Modulation of the release and activity of neuropeptides in the microcirculation

Abstract

Electrical stimulation of the sensory saphenous nerve leads to neurogenic edema formation in the innervated area of the paw of the anesthetized rat. Evidence suggests that the edema formation is the result of increased microvascular permeability mediated via neurokinin NK₁ receptors and increased blood flow mediated via calcitonin gene related peptide CGRP₁ receptors. Results indicate that selective receptor antagonists will only inhibit the response mediated by the specific receptor they antagonise. In the case of neurogenic inflammation, where it is common for more than one biologically active neuropeptide to be released concomitantly, it may be more sensible to develop agents that inhibit neuropeptide release. The effects of some agents suggested to affect neurogenic responses are presented. The anti-inflammatory steroid dexamethasone (1 mg/kg subcutaneously, −4 h) significantly (p < 0.01) inhibited edema formation, but the mechanism of action is likely to be related to the general anti-edema effect of dexamethasone.
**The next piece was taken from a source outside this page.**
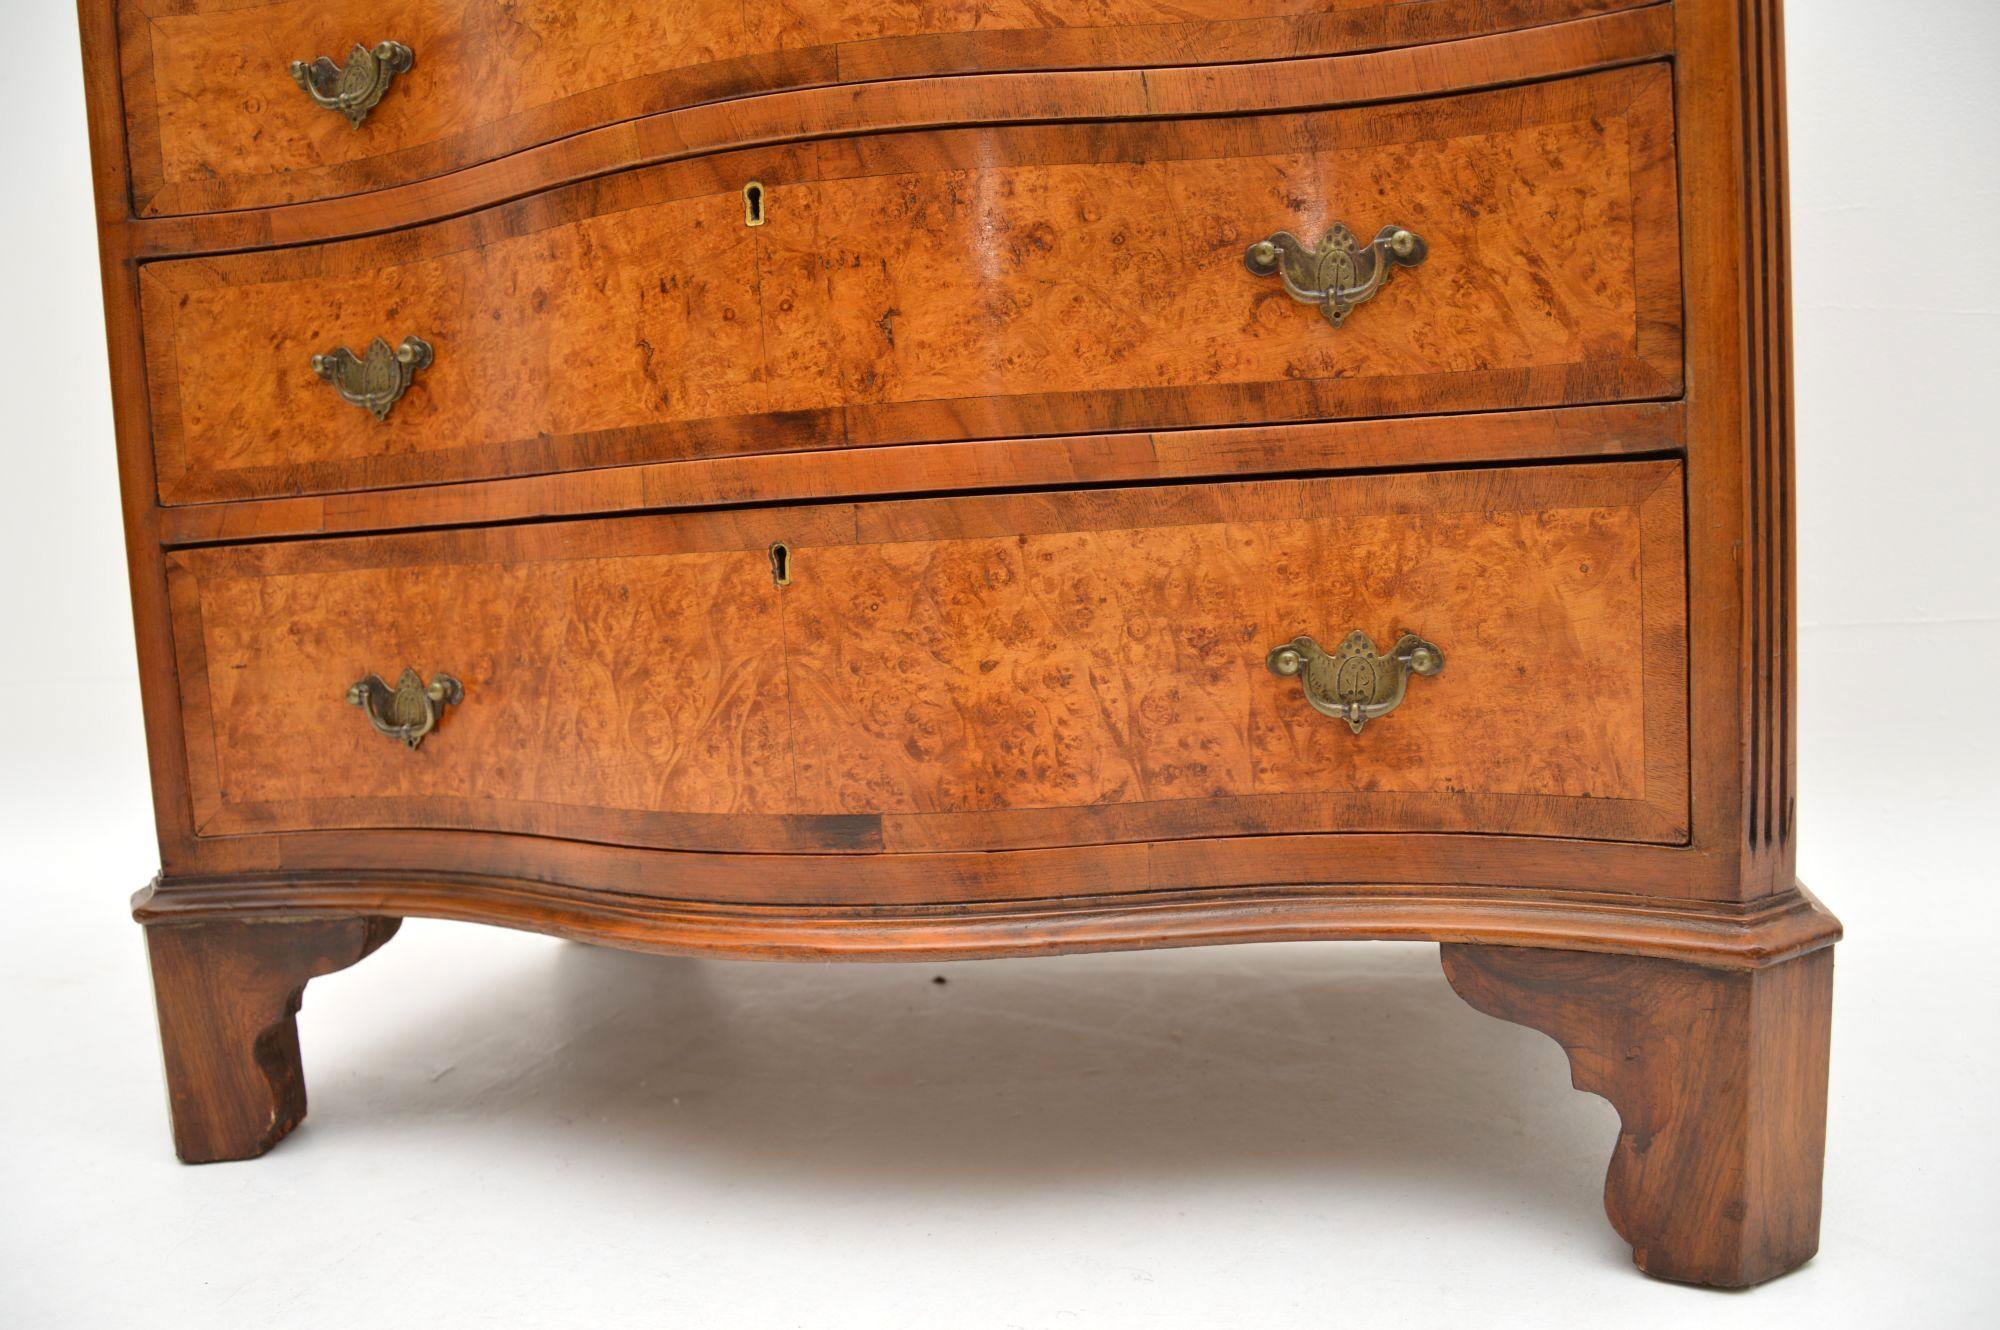 Edwardian Antique Serpentine Fronted Burr Walnut Chest of Drawers

In contrast the anti-asthma agent nedocromil sodium (up to 10 mg/kg intravenously, −15 min) and the histamine H₃ agonist (R)-α-methyl histamine (1–10 mg/kg intravenously, −5 min) both failed to inhibit saphenous nerve induced edema formation, despite positive results in other sensory nerve systems. The results are discussed in the context of evidence obtained using other agents in skin.Key words: neurogenic inflammation, substance P, calcitonin gene related peptide, edema.